Lost Islamic History: Reclaiming Muslim Civilisation from the Past
- First edition
- Author: Firas Alkhateeb
- Language: English
- Genre: History
- Published: August 1, 2014
- Publisher: C. Hurst & Co.
- Publication place: United Kingdom
- ISBN: 1849043973
- OCLC: 870284870

= Lost Islamic History: Reclaiming Muslim Civilisation from the Past =

2014 Book by Firas Alkhateeb

Lost Islamic History: Reclaiming Muslim Civilisation from the Past is a book on Islamic history, written by American researcher and historian Firas Alkhateeb. It was first published in 2014 via Hurst Publishers in the United Kingdom. It has since been translated into Turkish, Bengali, Indonesian and Urdu.

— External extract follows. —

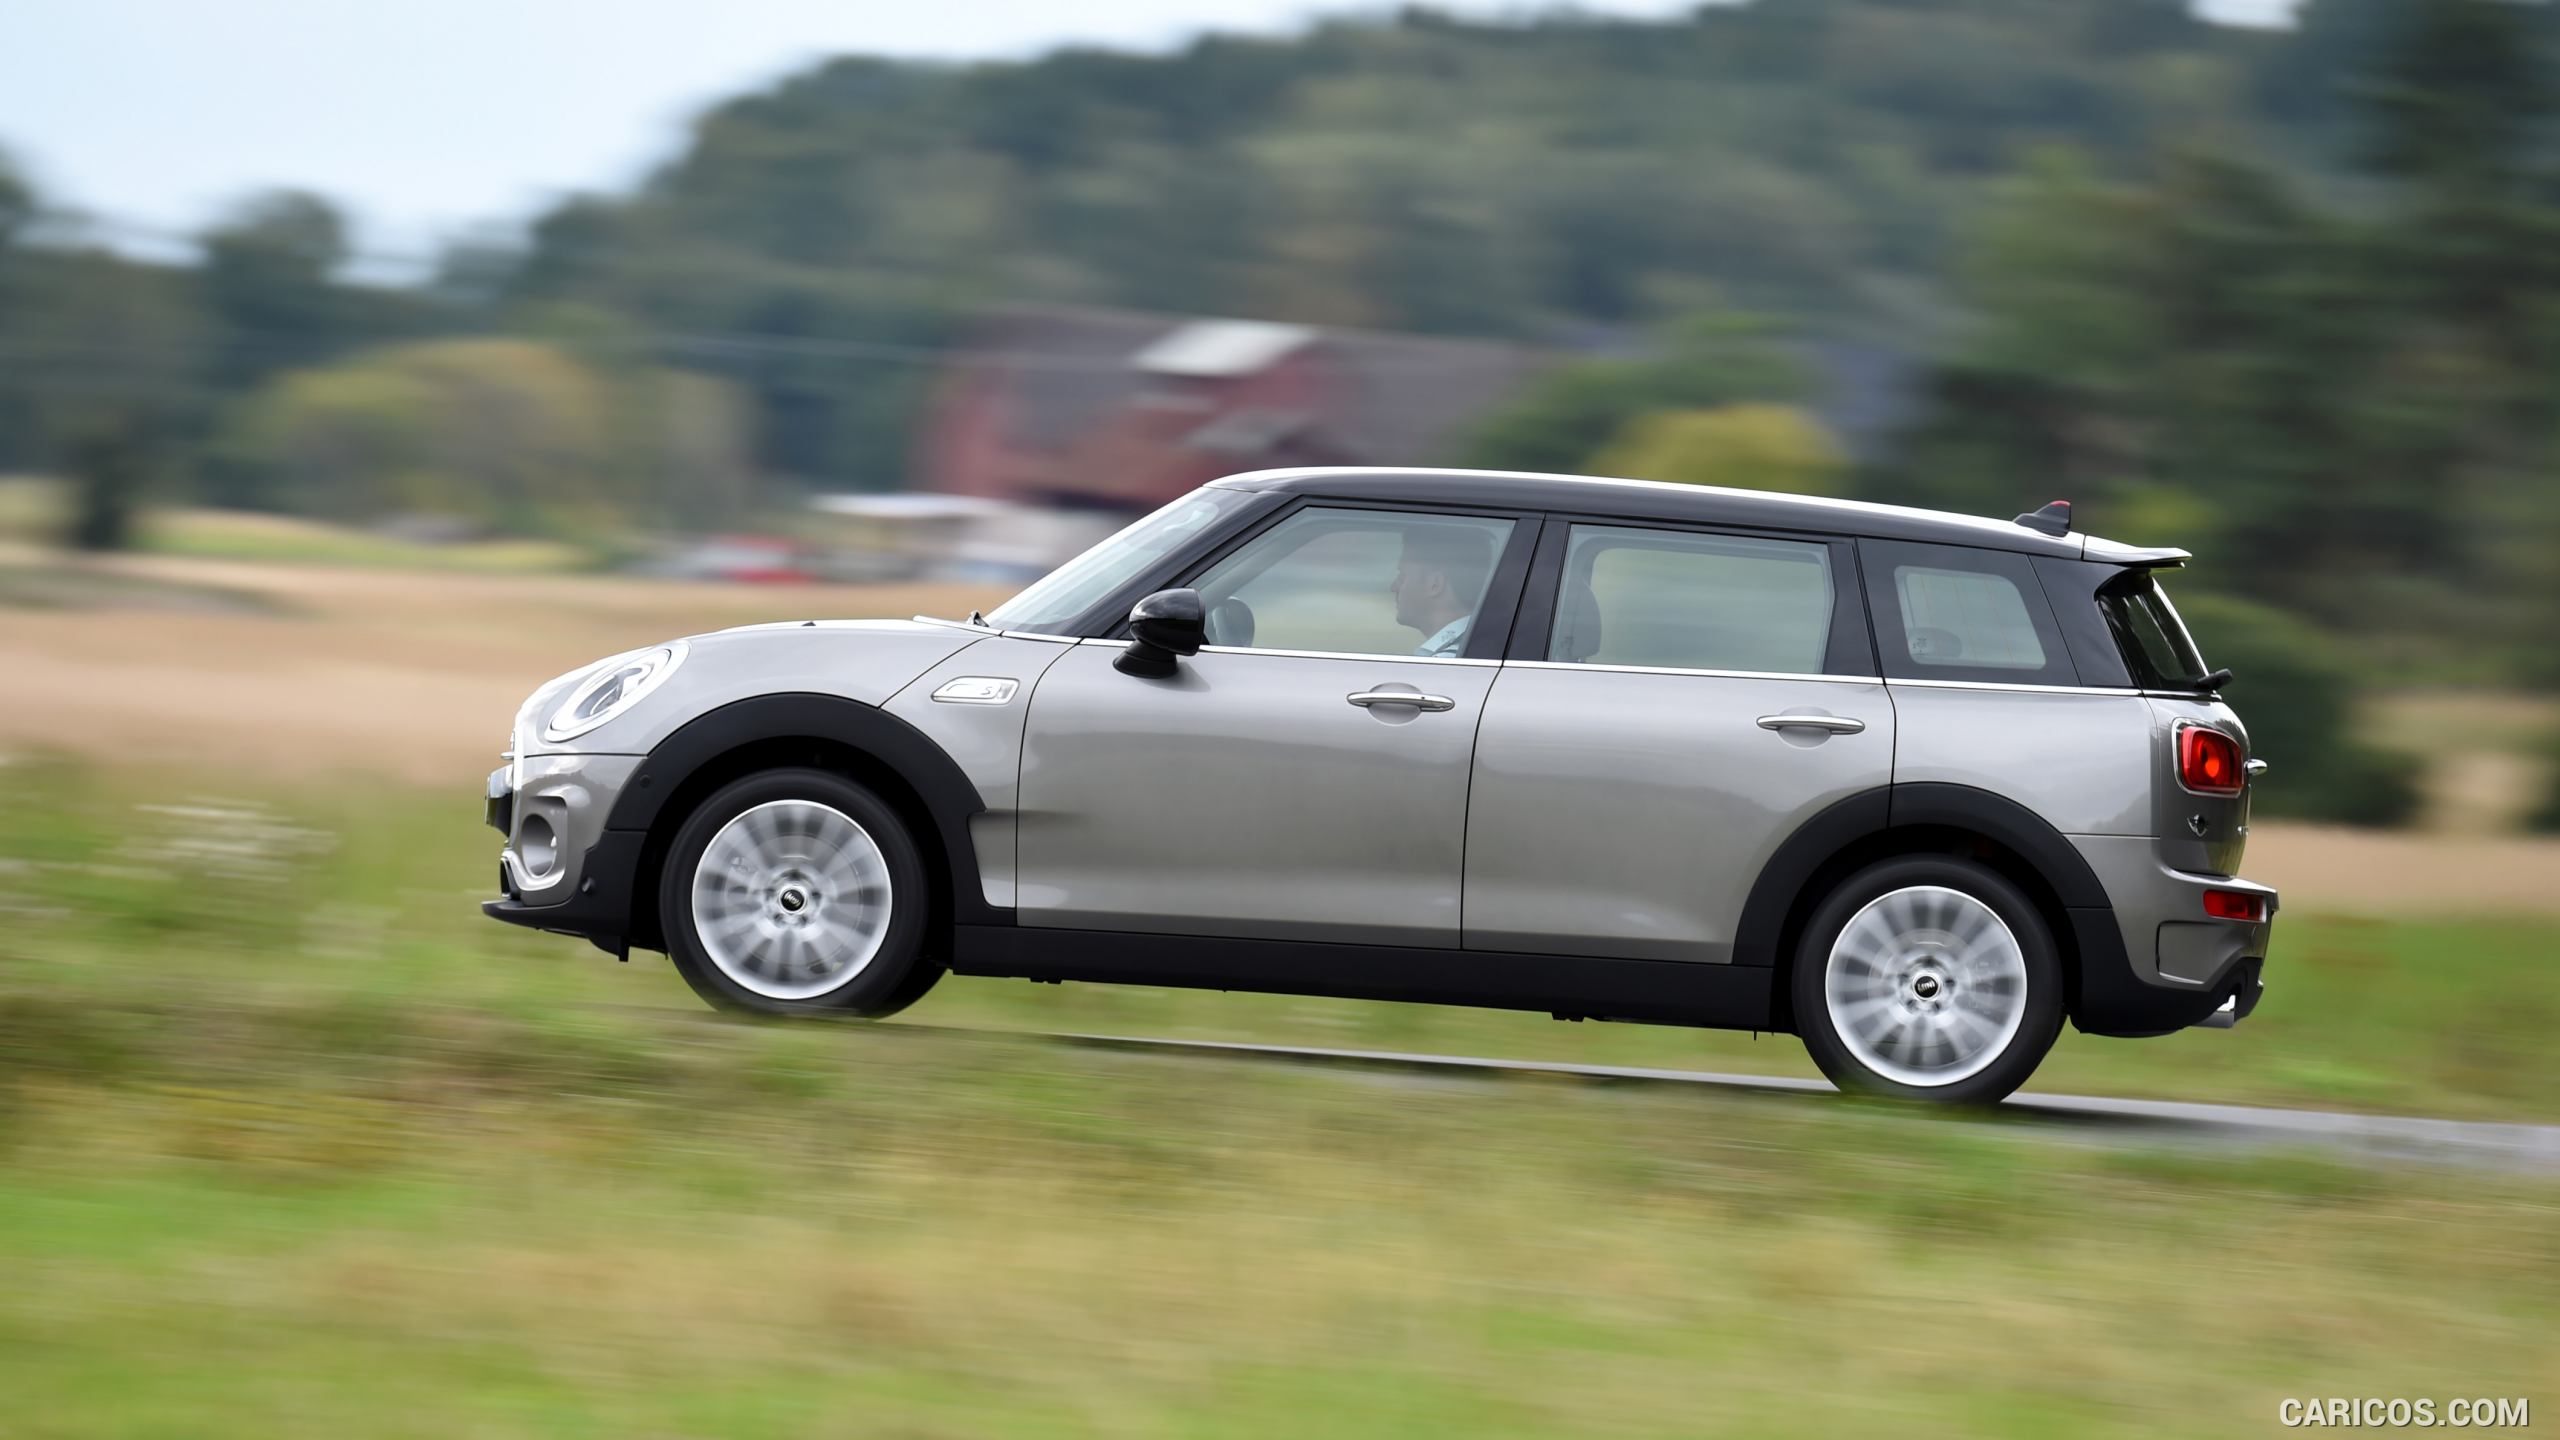 2016 MINI Cooper S Clubman in Metallic Melting Silver - Side, #150 of 380

Per the author, the book is intended to serve as a primer for readers unfamiliar with the subject of Islamic history.

== Synopsis ==
The book covers a brief overview of the history of Muslim Civilization, from the early days of Islamic Civilization to modern day.

== Release ==
Lost Islamic History: Reclaiming Muslim Civilisation from the Past was first published in the United Kingdom on 1 August 2014 through Hurst Publishers. A revised and expanded second edition was released on 15 November 2017, also via Hurst Publishers. This newer edition contained an additional chapter entitled "The Islamic Sciences", which covers aspects of Islamic sciences not covered in the 2014 release.

== Reception ==
The Prime Minister of Pakistan, Imran Khan, recommended the book via Twitter as a read for young people during the COVID-19 lockdowns, as he felt that it was "An excellent brief history of the driving force that made Islamic civilisation the greatest of its time and then the factors behind its decline." After this tweet Alkhateeb discovered that a fake version of his book containing inaccuracies and other misinformation was being digitally distributed on the Internet, prompting him to warn readers that the false version was "entirely inaccurate & Islamophobic".